Top Customer Reviews

By Henry De la Cruz on December 24, 2011
Format: Paperback Verified Purchase
Sharon Zukin, it seems, spent quite a while walking around New York. So, as the first three or four chapters (which is about half the book) indicate, she seems to have figured out more or less the formula for gentrification in this city: First you have a working class neighborhood equipped with old, mixed-use buildings and typically having a predominantly ethnic group. Second you have artists and/or creative types deeming such place as "authentic" and setting up shop in these low-rent neighborhoods. Third you have a thriving art scene that attracts new residents, as well as coverage either by the New York Times, the New Yorker, or any other publication that yuppies simply cannot resist. This all eventually leads to a ridiculous rise in property value, displacing both the original group that inhabited the neighborhood and the artists and/or creative types that brought it to prominence.

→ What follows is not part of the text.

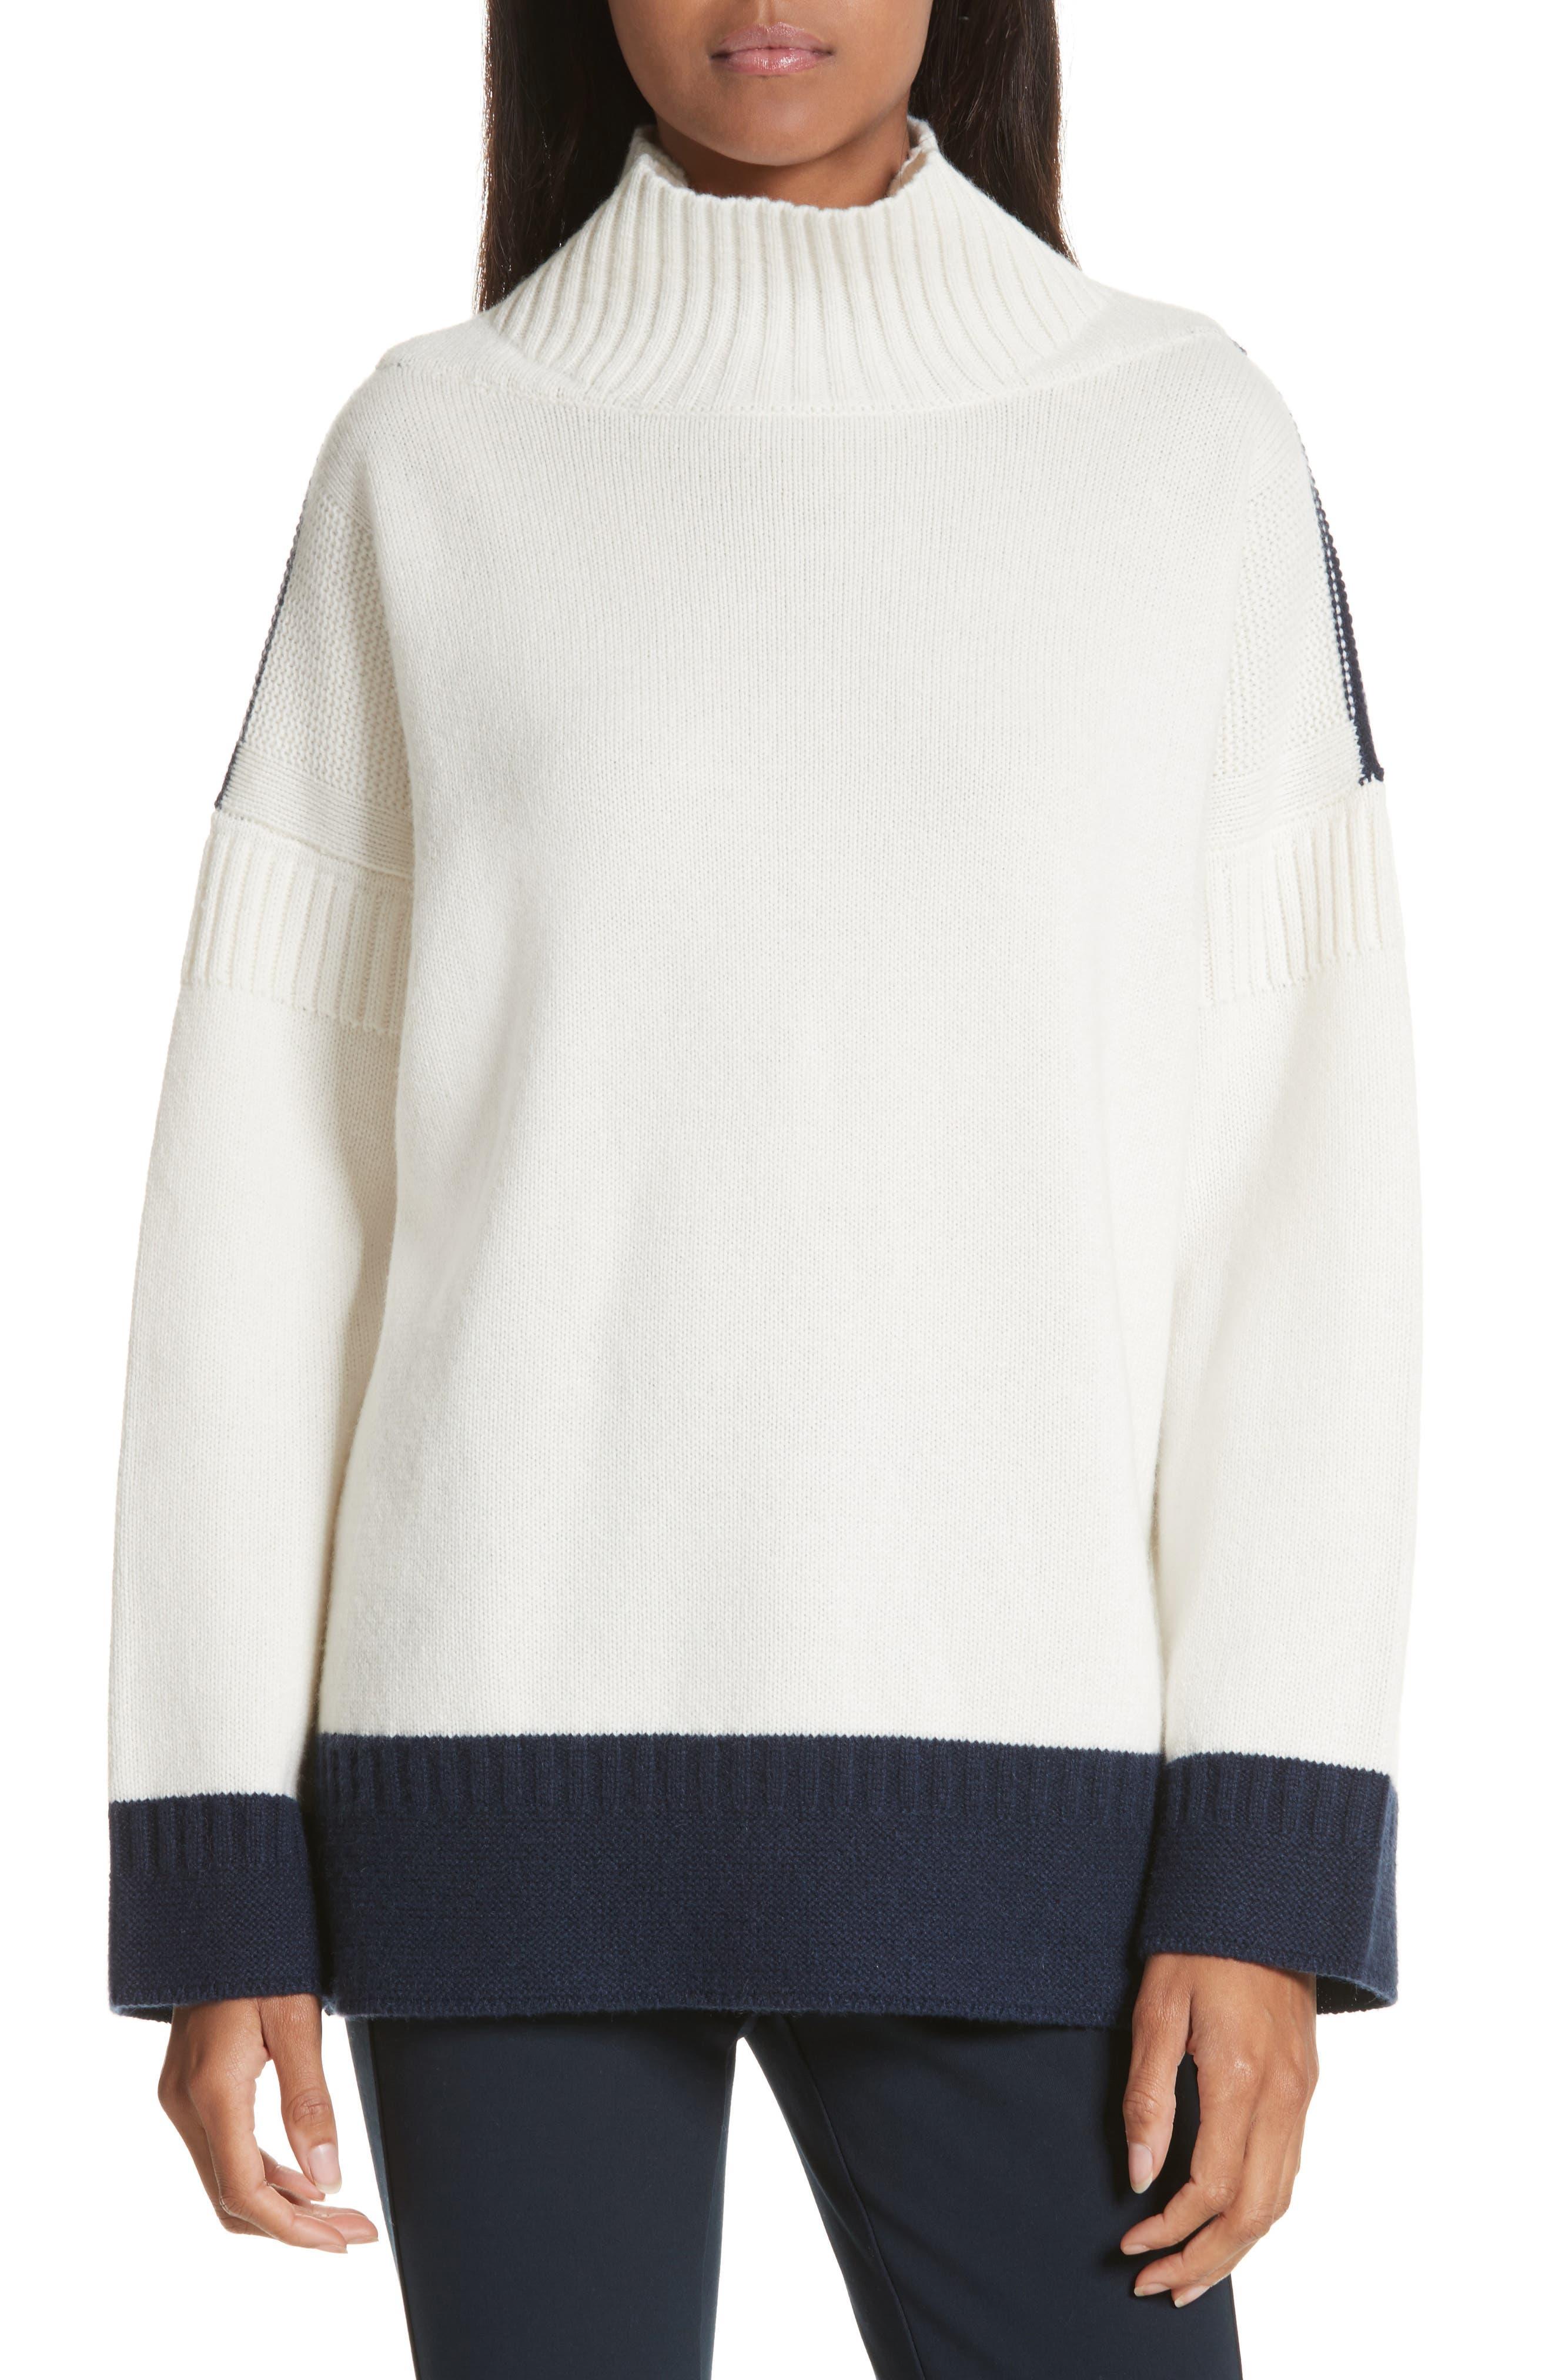 Alternate Image 1 Selected - rag & bone Aubree Funnel Neck Cashmere Sweater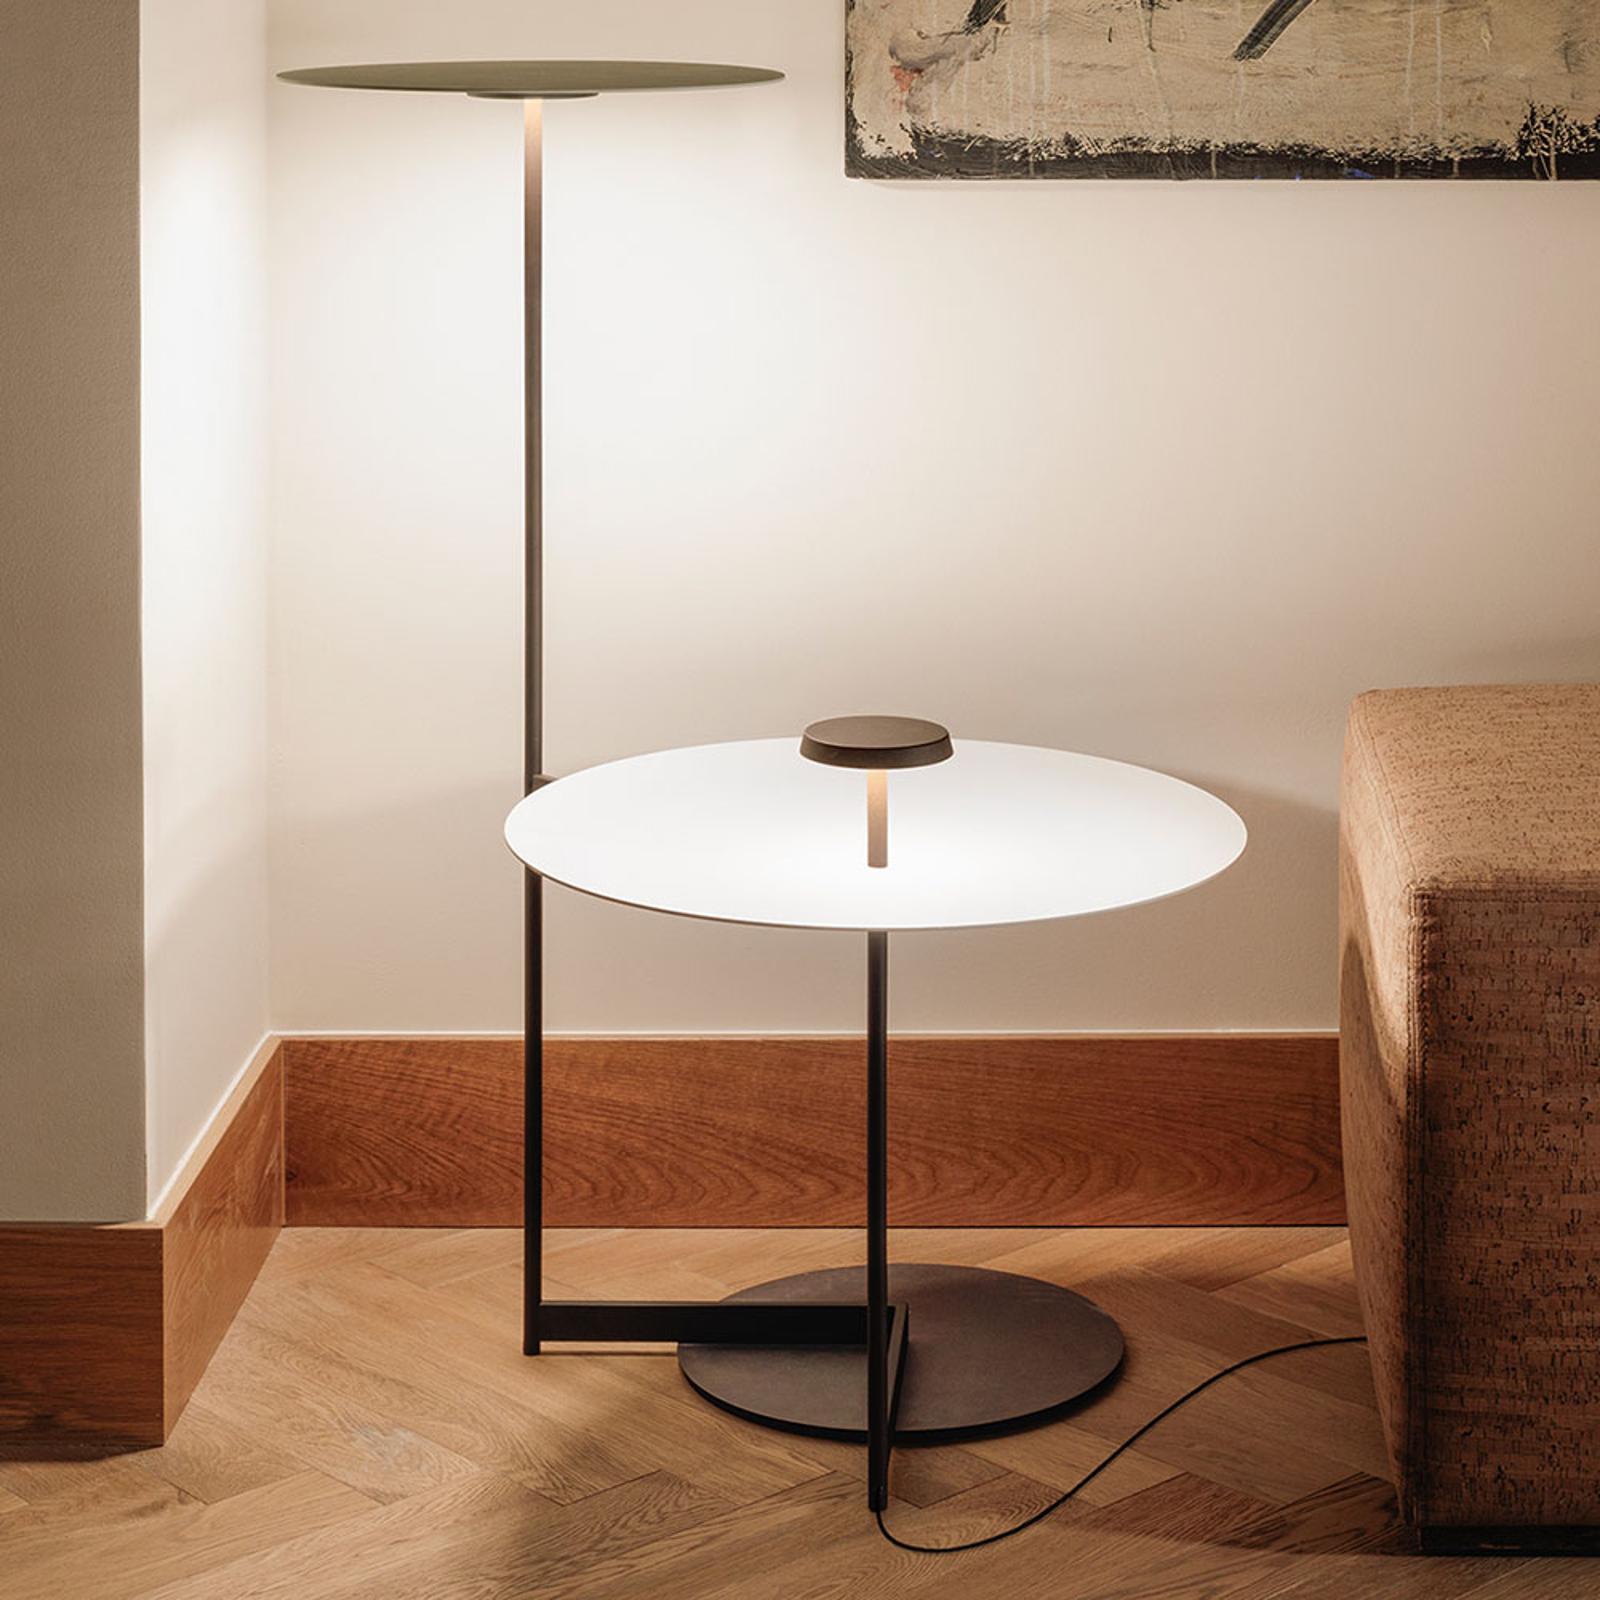 Vibia Flat LED Stehlampe 221 cm grau L21, dimmbar

Of course there are variations to this formula. There is mention of private groups banding together to broker private control of public spaces, with the ultimate goal being high-end commercial attractiveness. As a New Yorker I found all this information relevant. I have been to most of these neighborhoods that Zukin describes, and have seen the rapid growth of these areas, specially Harlem. What bothered me about this book is that it took 'til the last few pages before she mentioned any other city besides New York. So, in that sense, any non-New Yorker may not find anything too relatable or familiar. It isn't up until the last third of the book, that the message becomes broader, and begins to deal with the issue of shared spaces. However, the idea presented in this book on authenticity, and whether there is such a thing as an authentic urban place, are ones I find worthy of reflection.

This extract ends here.